His hand leaped up to his neck. He hadn’t been bitten by the dead, true … there it was. Boiled up to the side of a small grape, right where the damn bug had bitten him. His eyes met Oliver’s, and he nearly threw up again as he started noticing that Oliver looked oh so very tasty.

* * *

Oliver slipped the axe back into the loop on his belt, turned, walked away. He felt bad just leaving Jake back there, but staying at the site of a fresh kill was a good way to get dead fast.

As he pushed on, he forced his mind to backtrack over every step of their journey. Jake hadn’t been bit; he’d bashed his leg open on something sharp. Was that what got him infected? Try as he might, he’d never heard of anyone turning because of a cut before.
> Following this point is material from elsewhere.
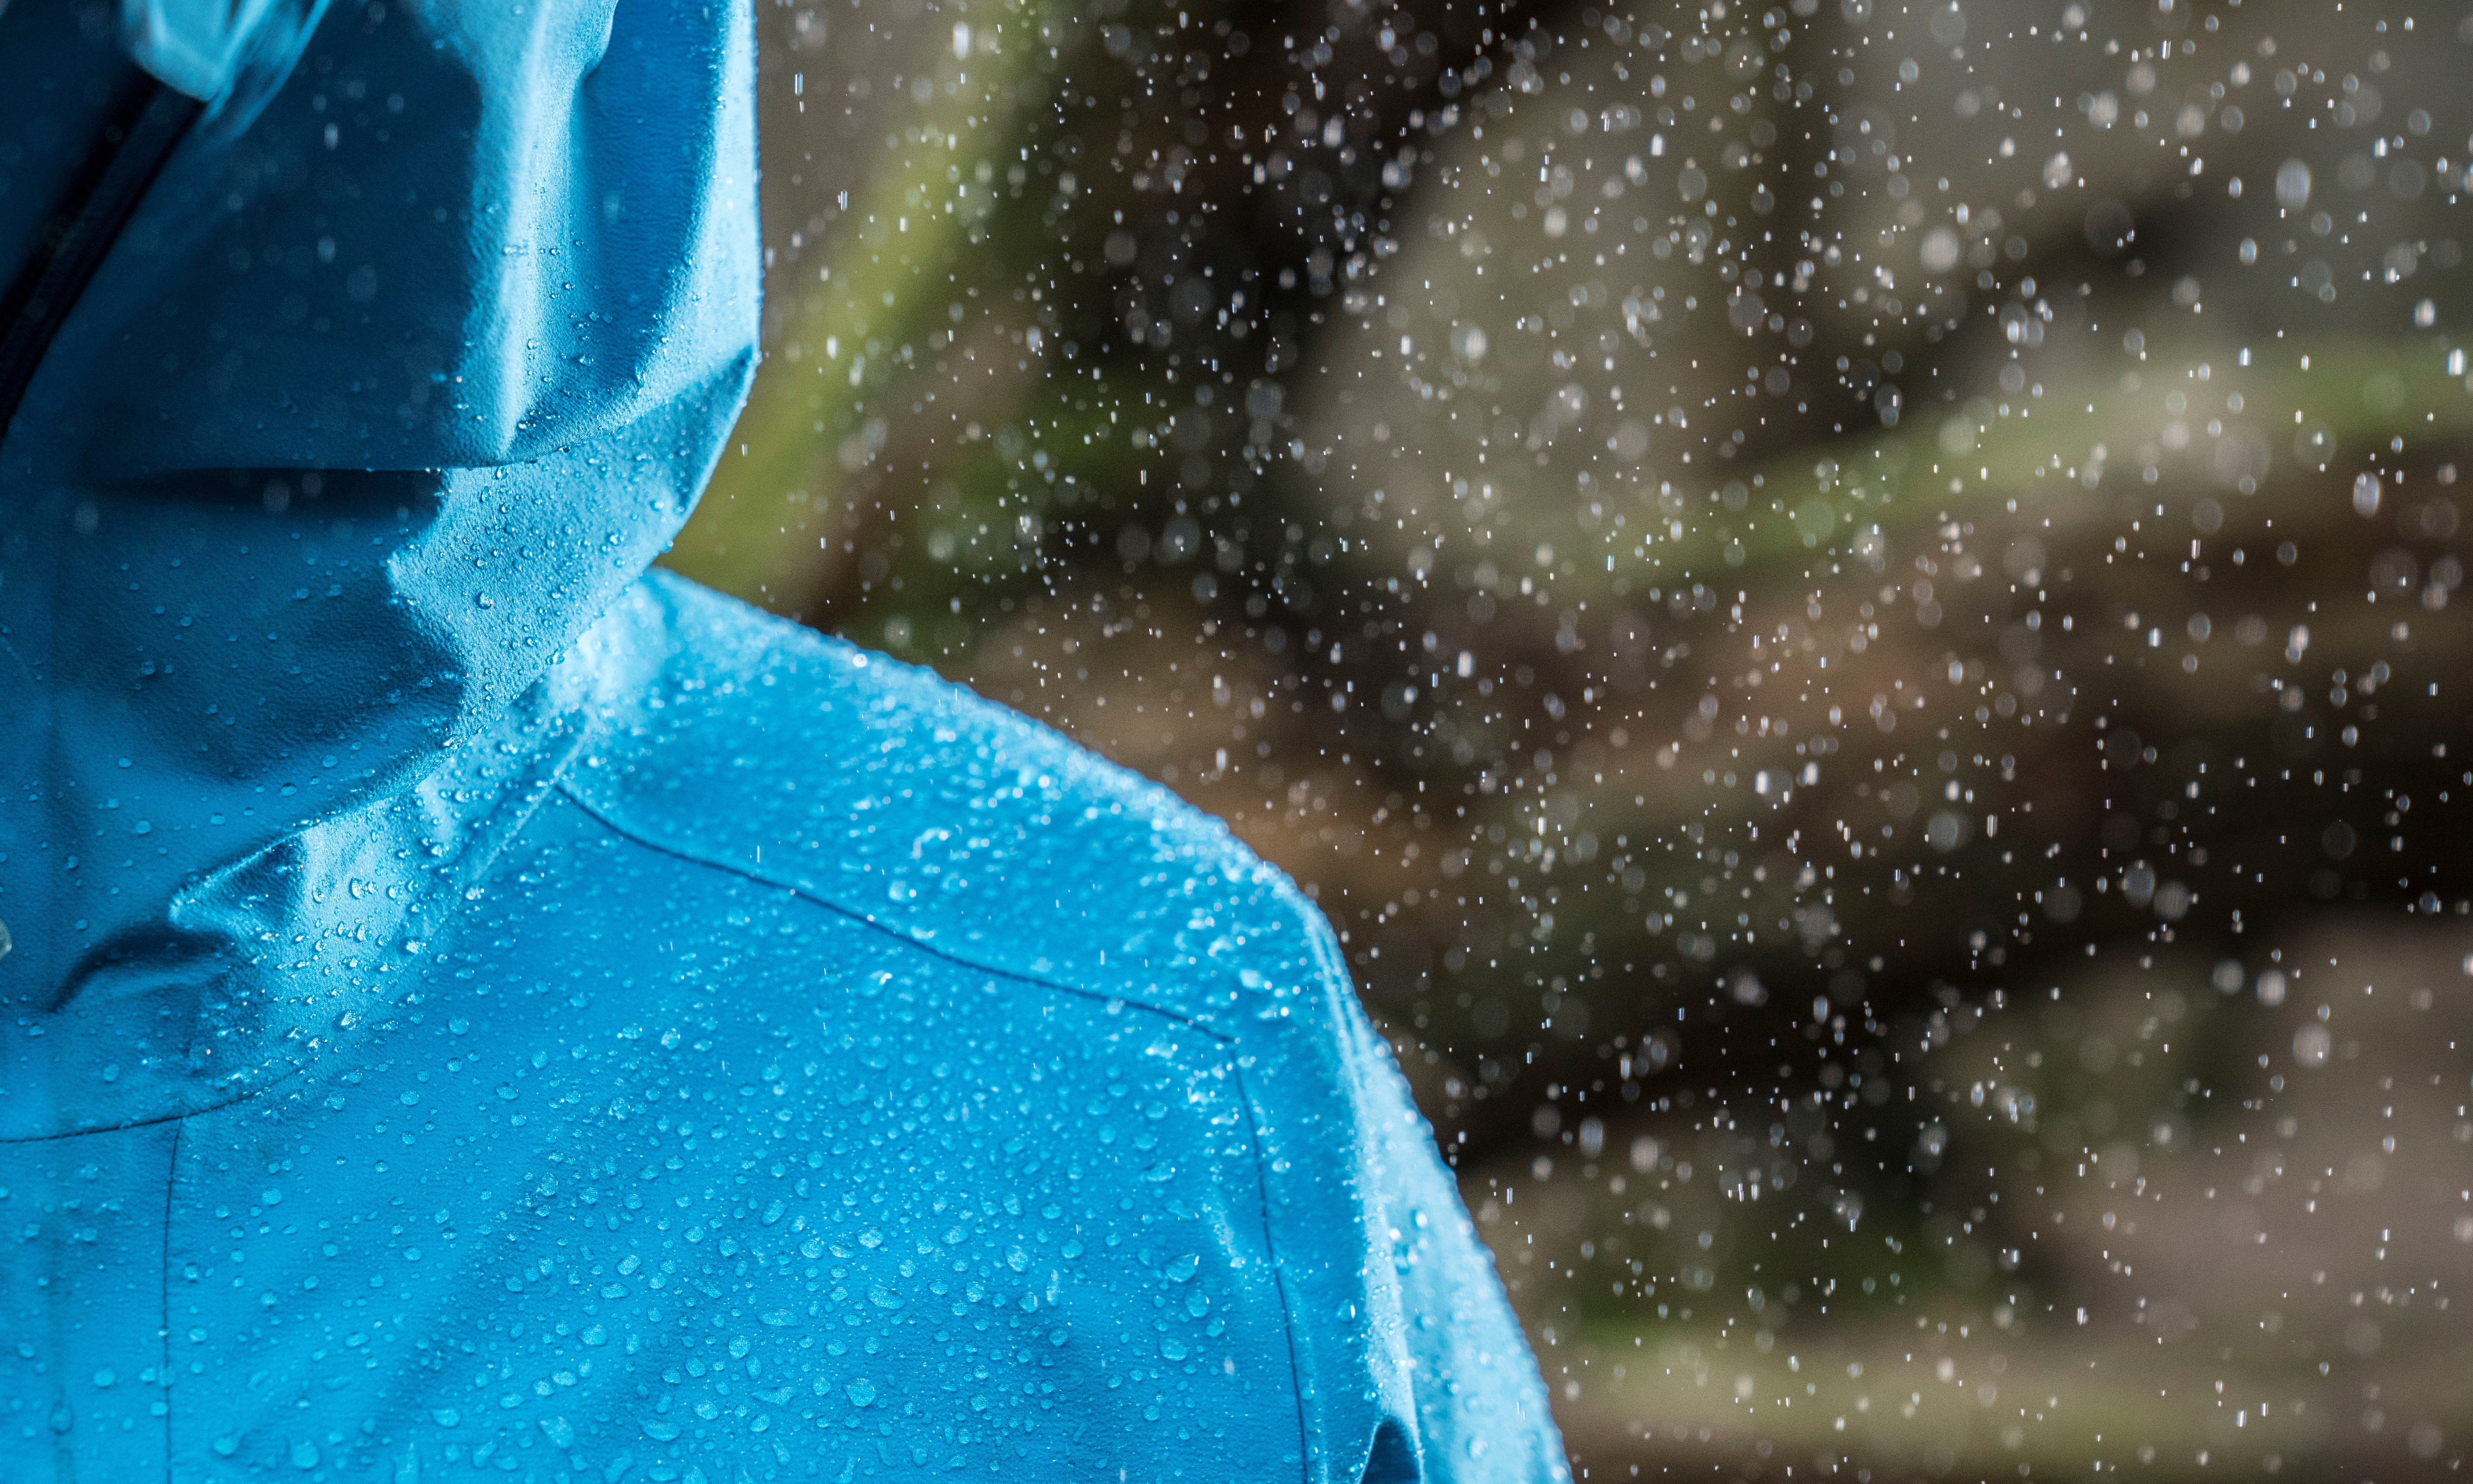 Waterproofing a Raincoat Is Easy, Here's How to Do It at Home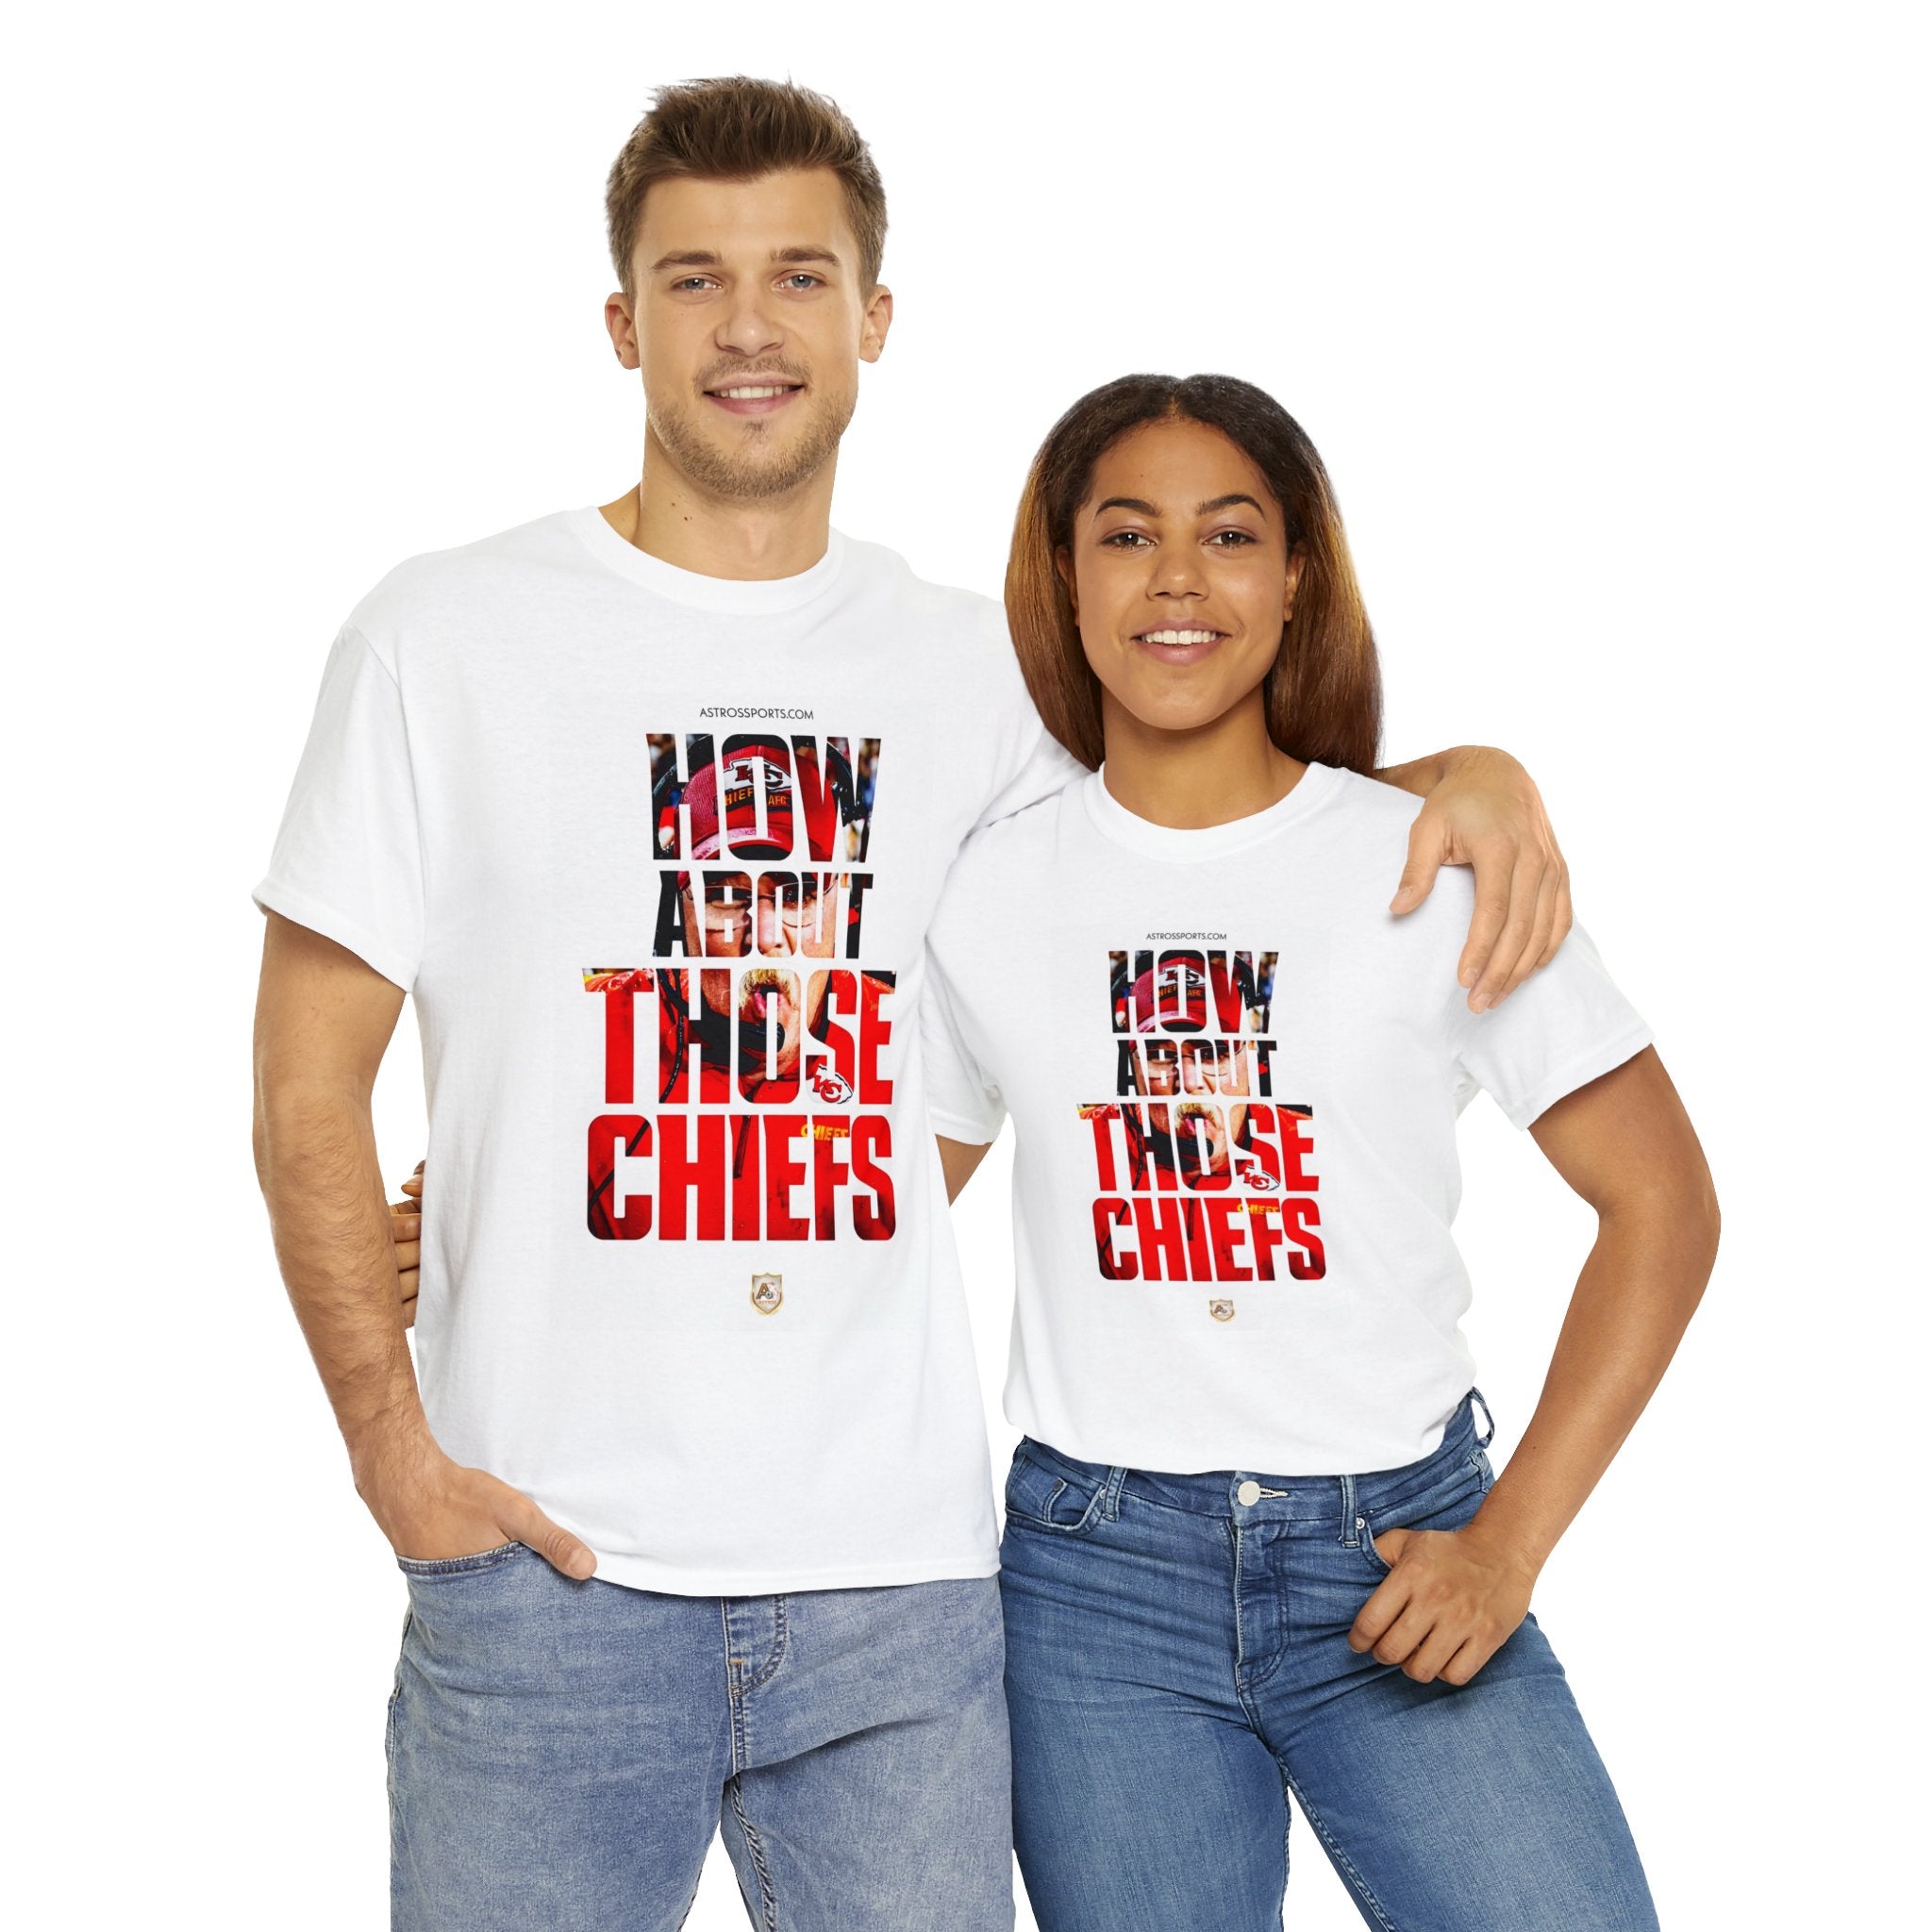 Jersey ''How about those chiefs''

It had to be a bite, a scratch, some kind of contact with the dead that opened the skin, let out the blood.

The path before him crossed a small bridge over a babbling creek. He wasn’t ordinarily the philosophical sort, but crossing that bridge felt strangely powerful just then, a leaving behind of his former self and on to the next stage of his life.

Something tickled his neck, just under his earlobe. He swatted it idly, wincing at the faint itching he felt spreading from the bite. “Damn ‘squitos,” he muttered. No matter. He’d be home soon.